'Intelligent discontent is the mainspring of civilization.' -- Eugene V. Debs

Wednesday, March 09, 2011

Sacramento Deflated (Part 2) 

An air of resignation has settled over Sacramento in regard to the loss of the city's NBA franchise, the Sacramento Kings. Our mayor, former NBA player Kevin Johnson, has publicly stated that there is nothing more that the city can do to retain the team. The Kings will only stay in Sacramento if negotiations to move the team to Anaheim collapse. No one thinks that such an outcome is likely, and the more cynically minded believe that an agreement for the team to play in The Pond, the sports arena in Anaheim, has already been reached, concealed for the purpose of ensuring high levels of attendance in Sacramento until the end of the season.

For Sacramento, this is the best possible outcome, although the mayor will persist in efforts to construct a publicly subsidized entertainment facility. In the absence of the Kings, and Governor Jerry Brown's effort to redirect state redevelopment funds towards education, as given expression by his remark that we have to put education first and entertainment second, the probability of such a project going forward has dropped significantly. Without the Kings, it will be even more difficult to persuade the public to support any subsidy, and, without redevelopment funds, it will be hard to develop a plausible financial plan to pay for building and operating it. Upon being asked specifically about the use of redevelopment funds to build stadiums for football teams, such as the San Francisco 49ers and the Oakland Raiders, Brown stated, Private enterprise should be able to survive on its own, as witnessed at Pac Bell Park. His reference to Pac Bell Park alludes to the fact that the owners of the San Francisco Giants built a stadium south of Market in the 1990s without the use of such funds.

So, instead of directing municipal resources towards a redevelopment scheme that will require millions of subsidy dollars to enrich the owners of a sports franchise, Sacramento can now rationally attempt to address the needs of the city's people, such as indigent health care, recreational activities, assistance for the homeless, who, by the way, just got evicted from their self-governed camp along the river, treatment for the mentally disordered, police and fire protection and affordable housing, among others. By liberating itself from the neoliberal insistence that the city must be gentrified with municipal funds to provide a comfortable entertainment playground for middle and upper middle class people who predominately live on the city's periphery, Sacramento can focus its resources upon improving the city's quality of life, not just for people who can afford events at a glamourous entertainment facility and patronize the upscale restaurants and bars associated with it, but for all of the people who live within the various communities within its boundaries. In this, Sacramento can set an example for other cities around the country to emulate. Yes, there is life after the loss of a professional sports franchise, and a pretty good one with possibilities that were foreclosed by the demands of the team's millionaire owners and their fans.

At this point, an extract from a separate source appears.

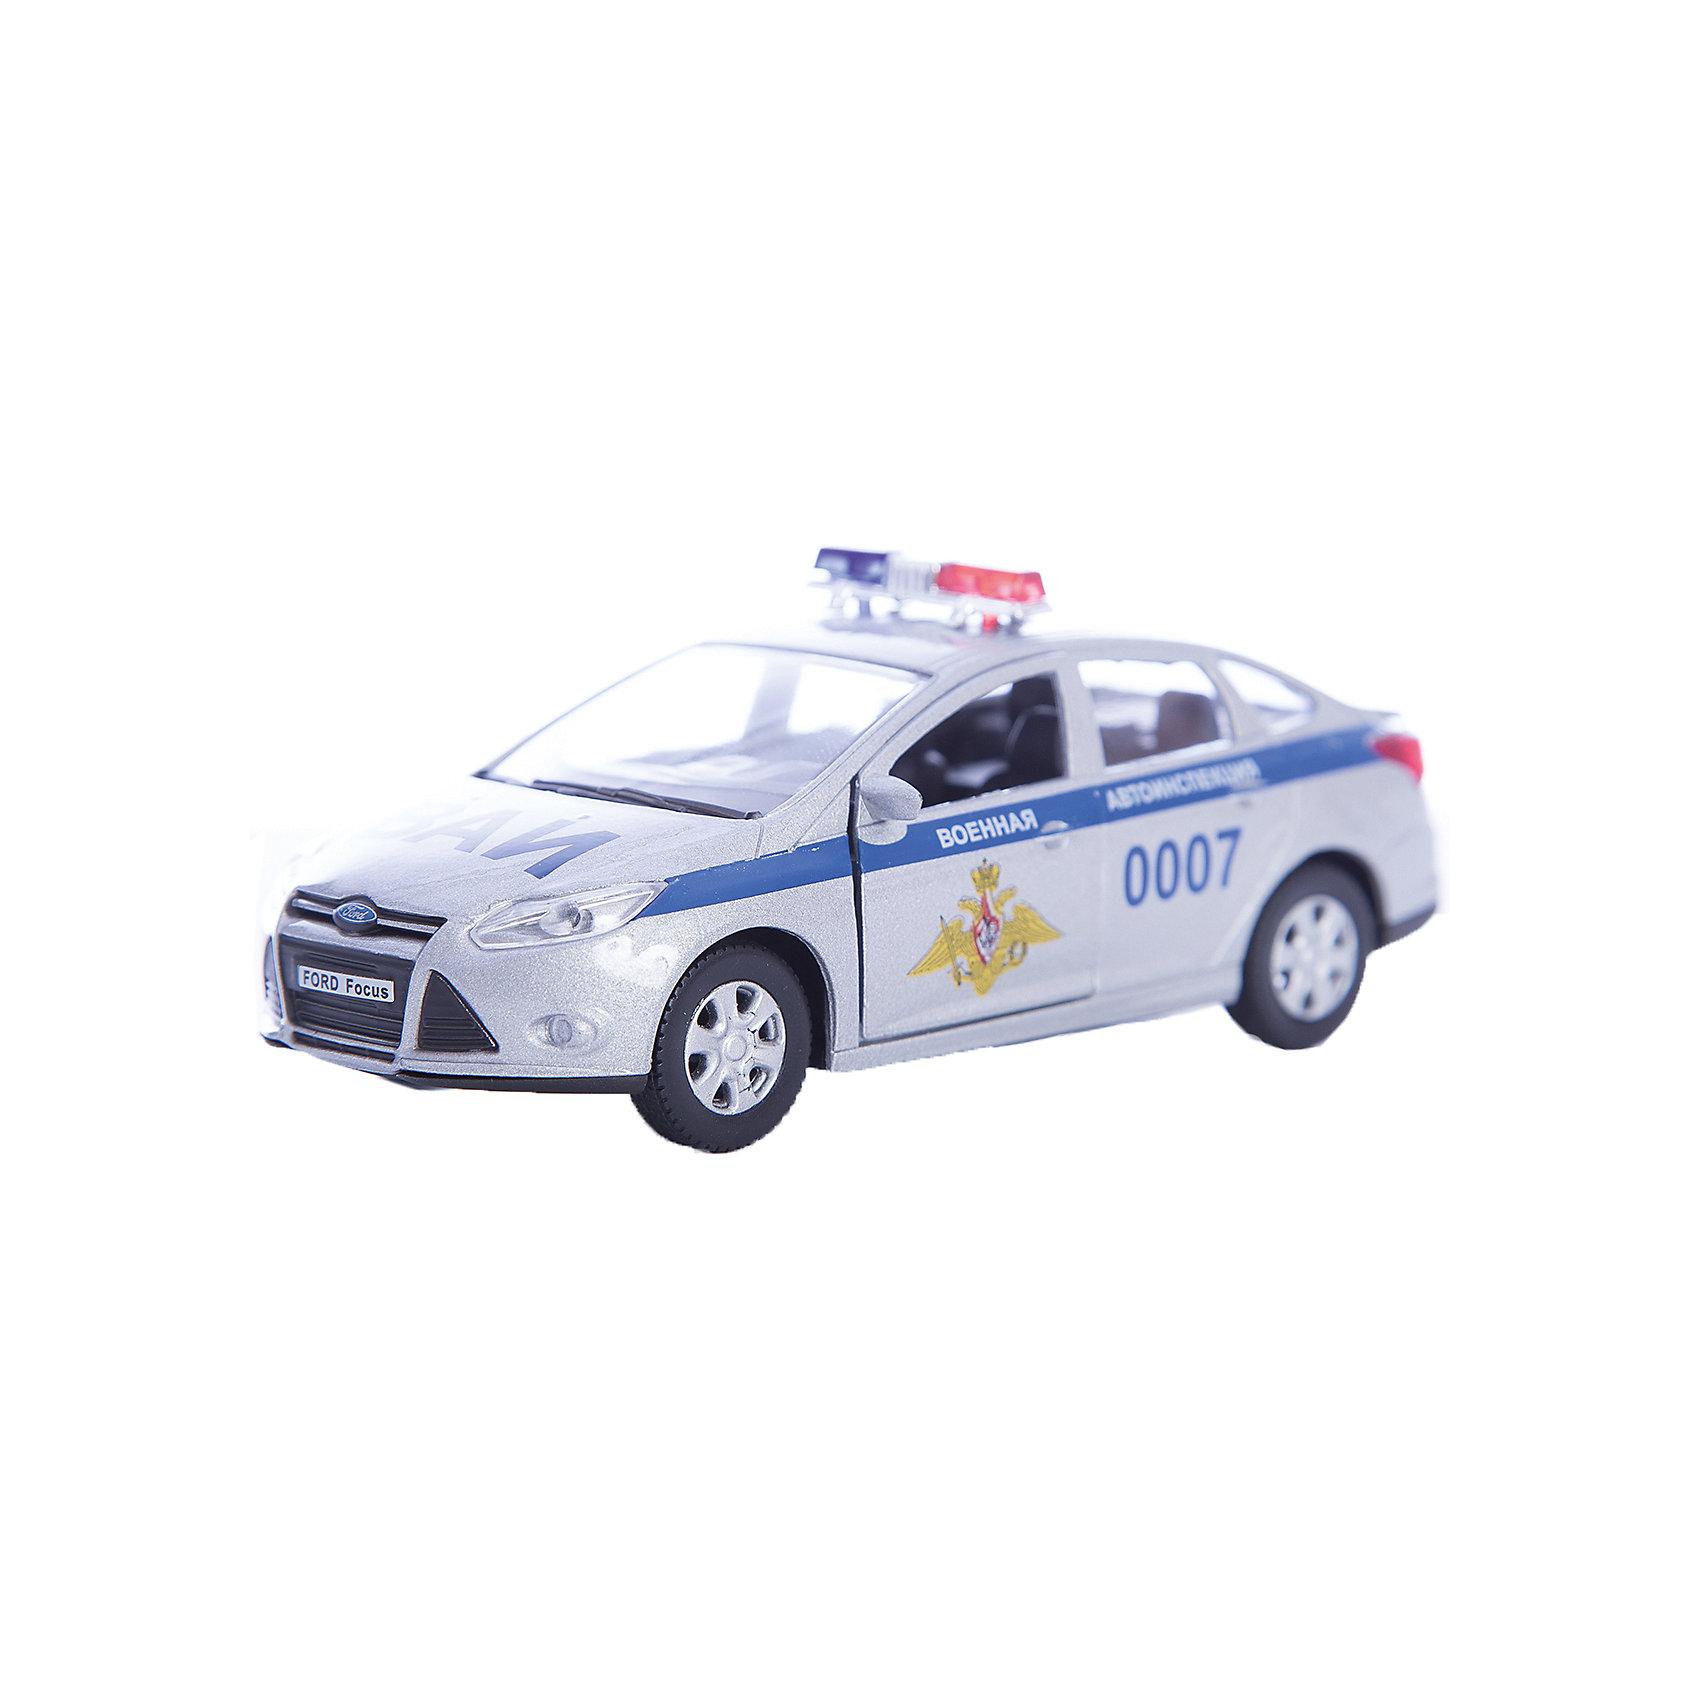 Машинка Ford Focus ВАИ 1:36, AutotimeМашинки<br>Машинка Ford Focus ВАИ 1:36, Autotime (Автотайм).<br><br>Характеристики:<br><br>• Масштаб 1:36<br>• Материал: металл, пластик<br>• Цвет: серебристый<br>• Упаковка: картонная коробка блистерного типа<br>• Размер упаковки: 16,5x5,7x7,2 см.<br><br>Машинка Ford Focus ВАИ от Autotime (Автотайм) является уменьшенной копией автомобиля Военной автомобильной инспекции Вооруженных Сил Российской Федерации. Модель с символикой Военной автомобильной инспекции, оборудованная красно-синими спецсигналами на крыше, отличается высокой степенью детализации. Корпус машинки изготовлен из металла, а все дополнительные элементы из пластика. Передние двери открываются, что позволяет рассмотреть салон изнутри в деталях. Машинка оснащена инерционным механизмом. Машинка Ford Focus ВАИ станет хорошим подарком и ребенку, и коллекционеру моделей автомобилей.<br><br>Машинку Ford Focus ВАИ 1:36, Autotime (Автотайм) можно купить в нашем интернет-магазине.<br><br>Ширина мм: 165<br>Глубина мм: 57<br>Высота мм: 75<br>Вес г: 13<br>Возраст от месяцев: 36<br>Возраст до месяцев: 2147483647<br>Пол: Мужской<br>Возраст: Детский<br>SKU: 5583865

But, beyond this, there is an interesting social question. Over the past couple of weeks, I have perused the Sactown Royalty website, where local Kings fans have expressed their dismay over the prospect of losing the franchise. While some have expressed a predictable right wing anger towards those who would dare suggest that the city should use its funds to assist the homeless instead of subsidizing an arena for the owners of the Kings, the wealthy Maloofs, many others say that they will be adrift without the Kings and the NBA. Much of their life away from work appears to have been centered around going to Kings games, watching Kings games on television and following the NBA more generally. It is easy to dismiss them as a subculture of obsessed fans, but I think that this is mistaken. There are a lot of people who believe that Sacramento is nothing without the Kings, and have a limited concept of fulfillment through participating within the larger community around them. Instead, they conflate their gratification with the ability of the Maloofs to enrich themselves while providing an entertainment facility for them. The notion that their lives might be better in the absence of their deference to the Maloofs doesn't occur to them. Fans have accepted a neo-feudal identity demanded of them by the Maloofs and the NBA. As a result, we are subjected to fans complaining on local radio sports talk shows about what the Maloofs have put up with, as if the Maloofs have been victimized because of the city's failure to subsidize their basketball team.

Of course, it is easy to ridicule this, but, if we do so, we miss something more important. Professional sports are serving the purpose of atomizing society in such a way as to impair the ability of people to see themselves as part of a larger collective. Or, perhaps, more accurately, professional sports have substituted an innocuous collective identity for one that would encourage people to understand how they could work together and challenge those who take advantage of them and worsen the conditions of their daily lives. Embedded within this fandom is a tendency to induce people to accept a conservative, socially Darwinian vision of society that they might otherwise never accept, hence, the willingness to cast the Maloofs as victims of a government that refuses subsidize them. The means by which we can overcome the allure of this branded form of social identity is not readily apparent. For those of us on the left, we should consider how to confront this dilemma, a dilemma that is central to the persistence of neoliberalism, and, possibly, capitalism itself.